Work item: Retype exactly the span of lines below from the one with "Dolce & Gabbana" through the one with "raspberries in a". Do not include pictures.

Provided information:
━━━━━━

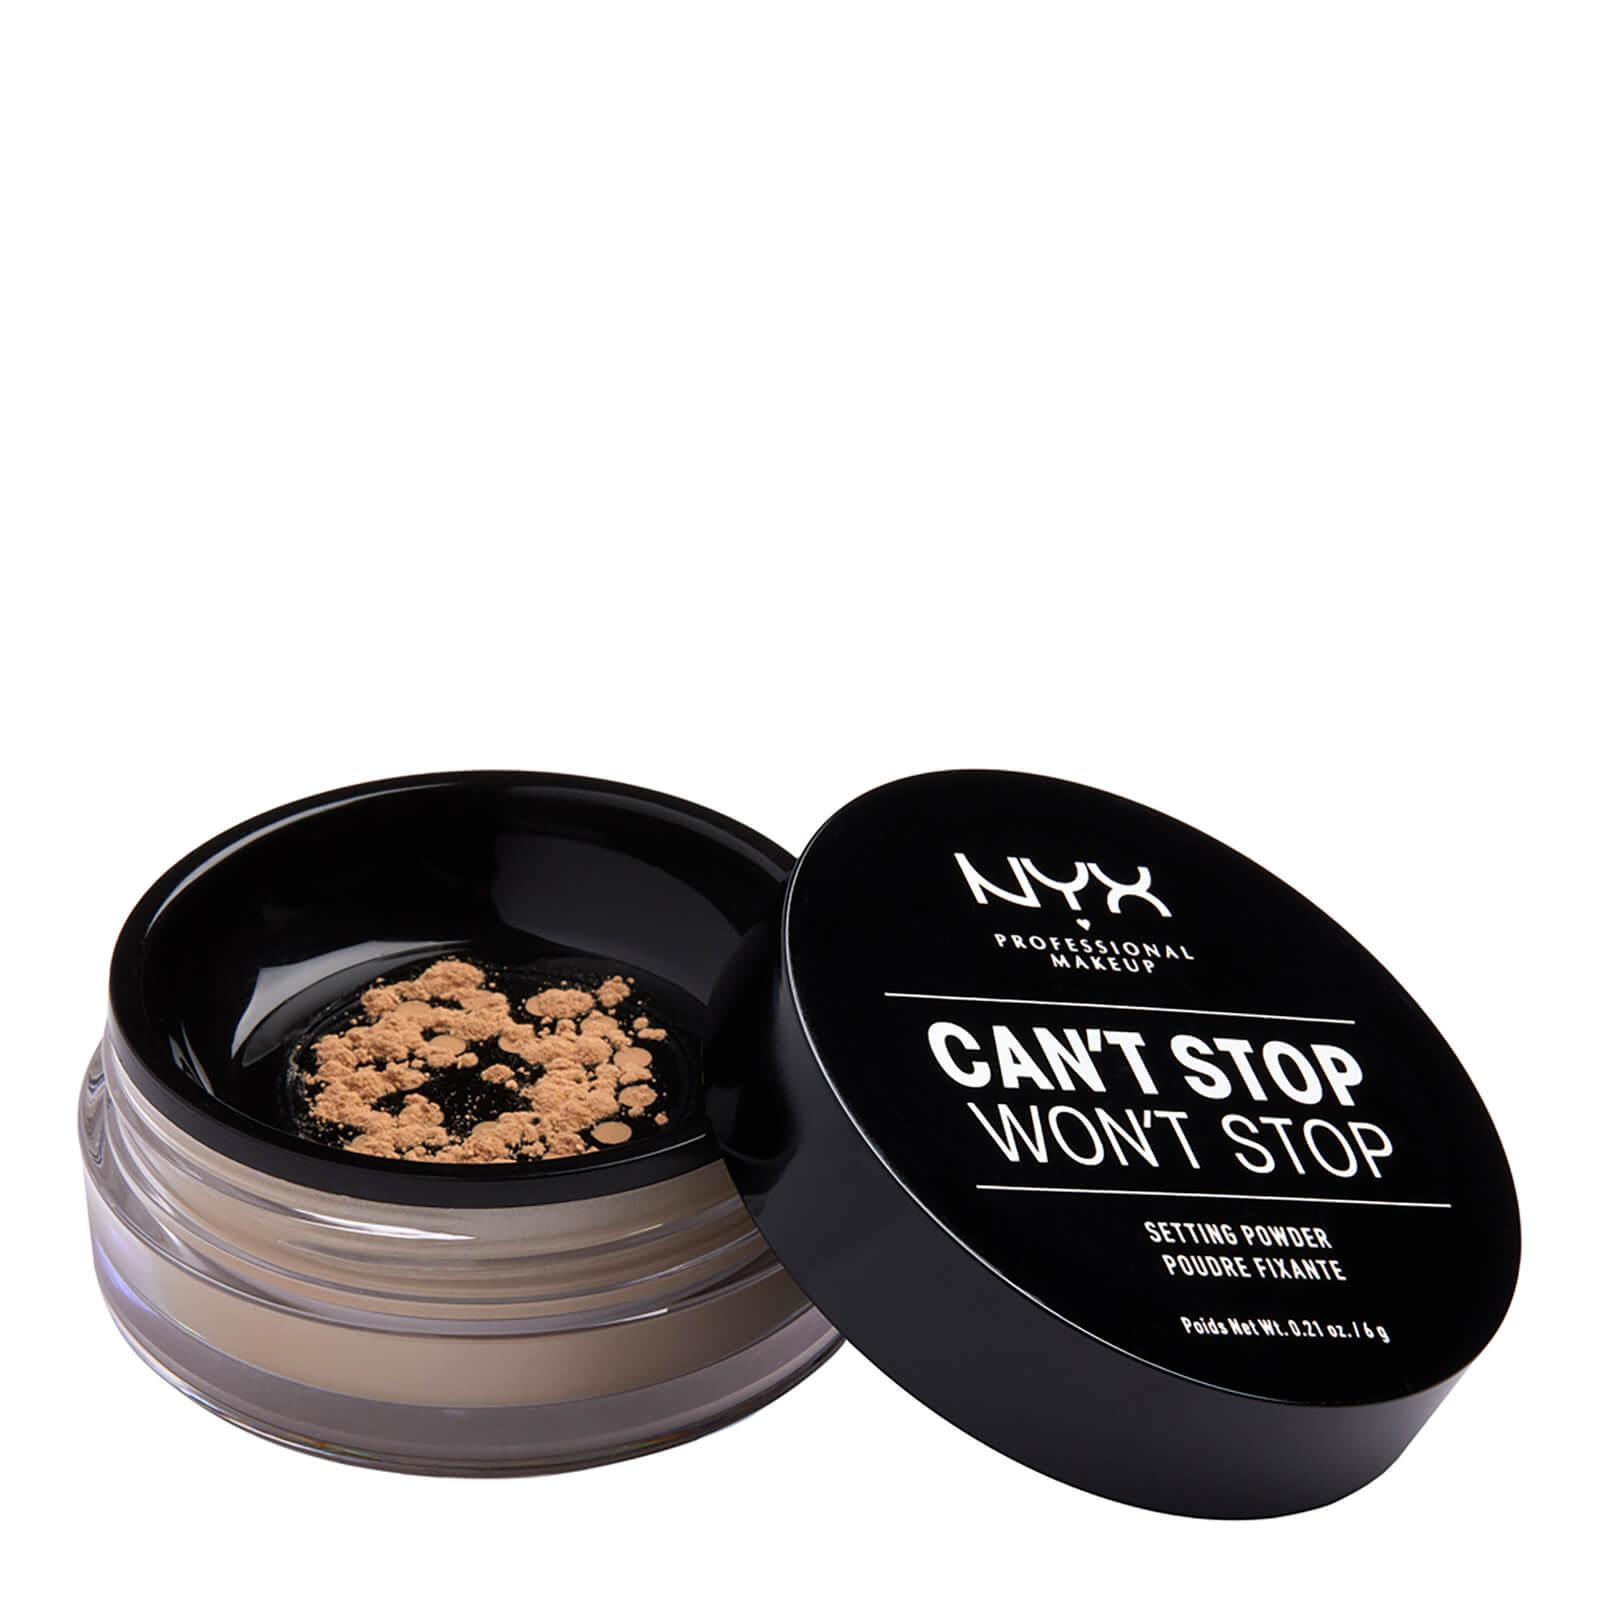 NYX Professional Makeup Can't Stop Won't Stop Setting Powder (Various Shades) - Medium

━━━━━━

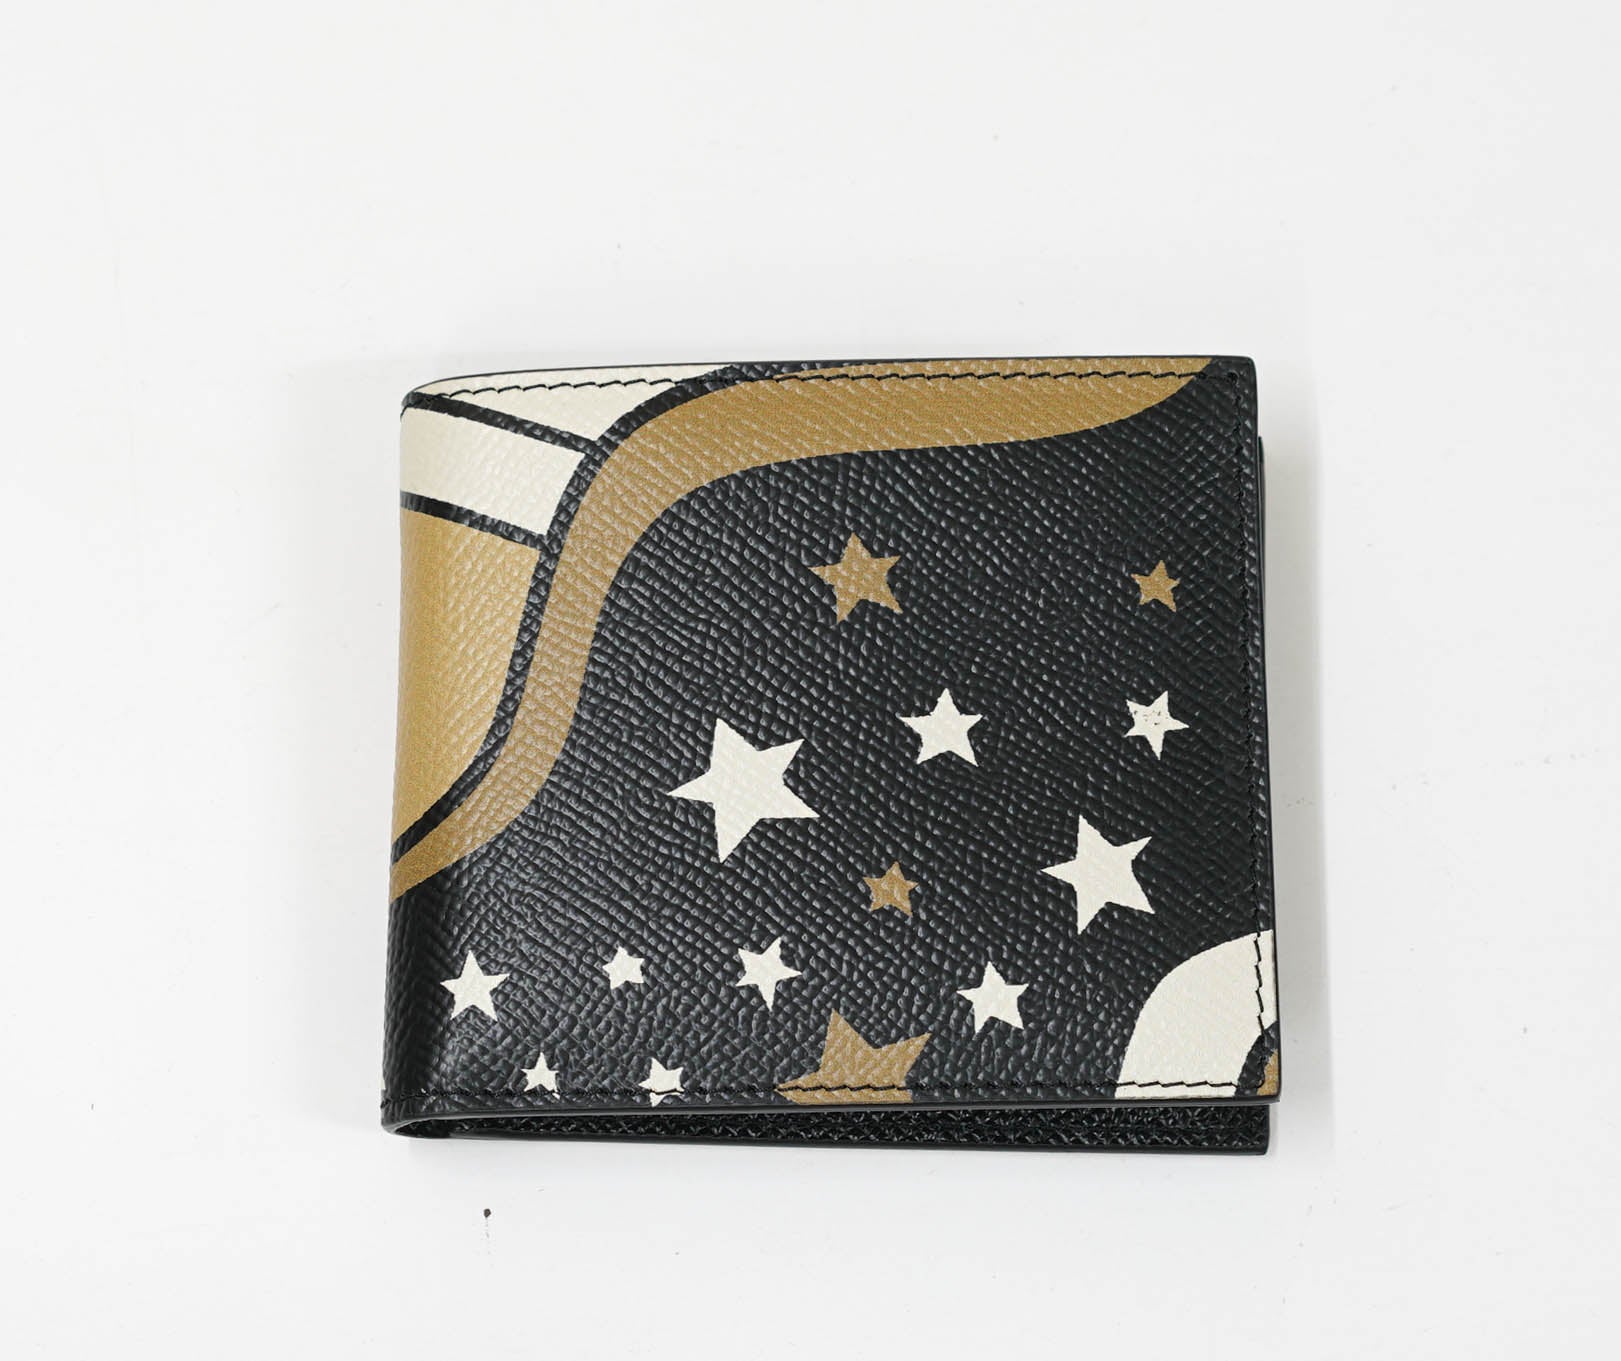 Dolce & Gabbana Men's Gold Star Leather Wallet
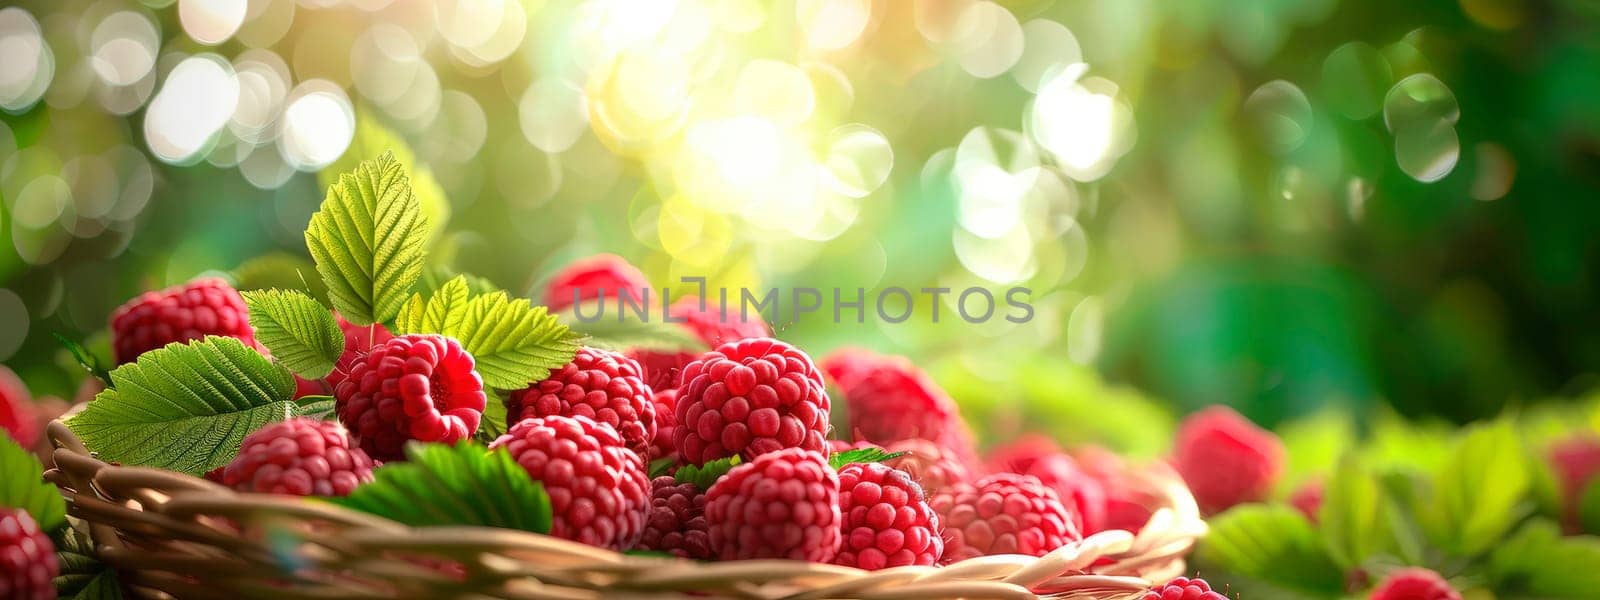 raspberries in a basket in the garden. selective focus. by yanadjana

━━━━━━

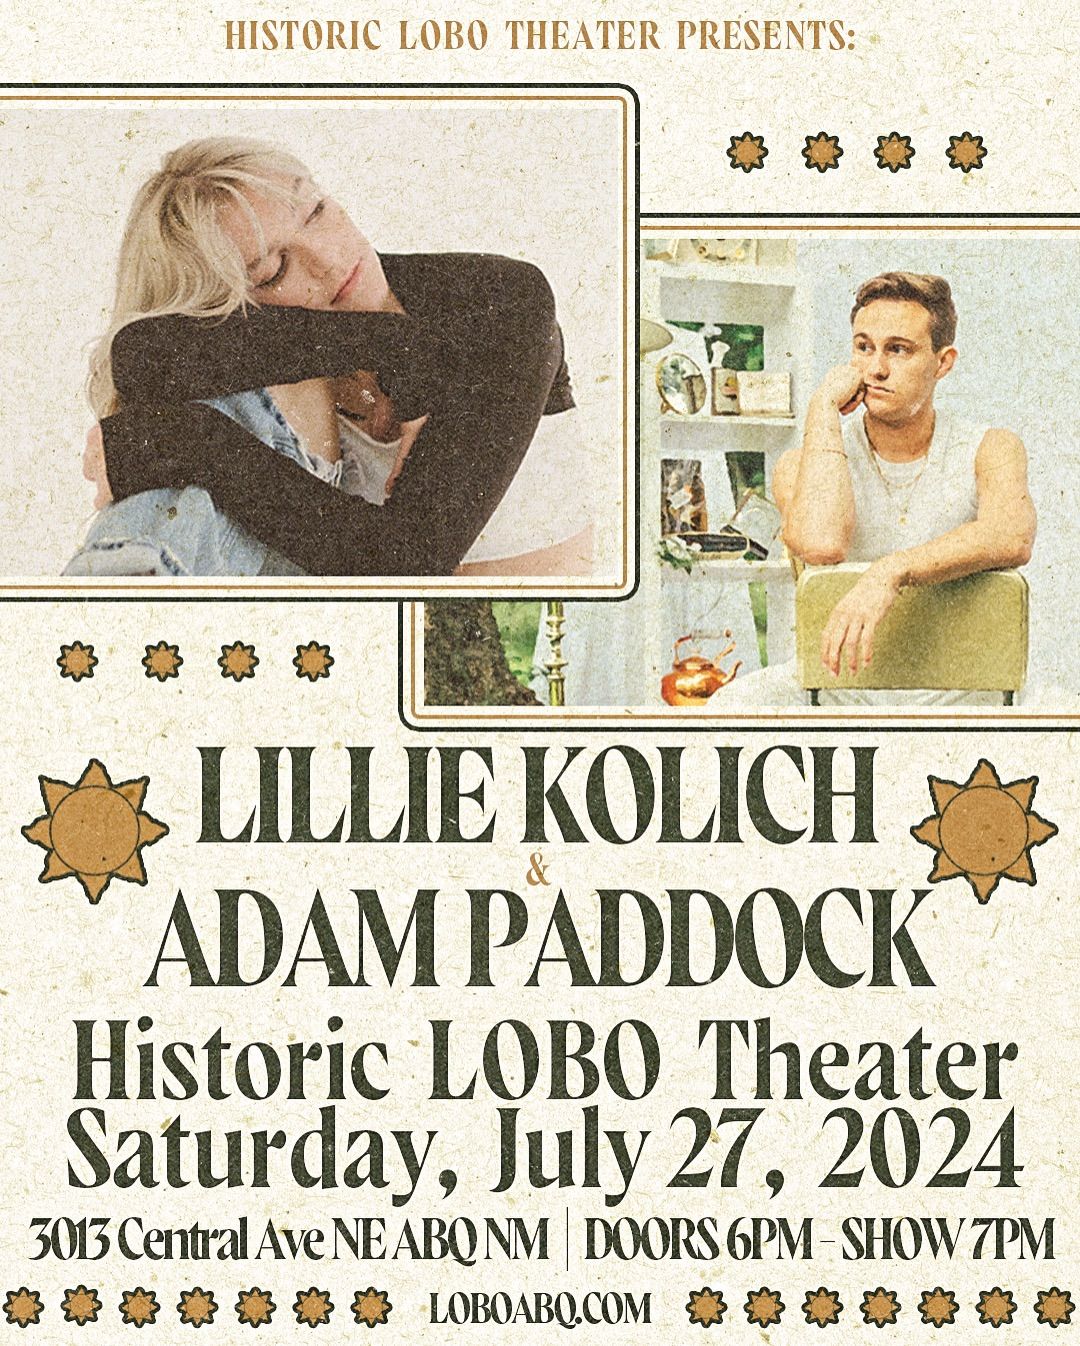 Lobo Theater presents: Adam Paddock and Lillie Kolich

━━━━━━

Result of the task:
 Dolce & Gabbana Men's Gold Star Leather Wallet
 raspberries in a basket in the garden. selective focus. by yanadjana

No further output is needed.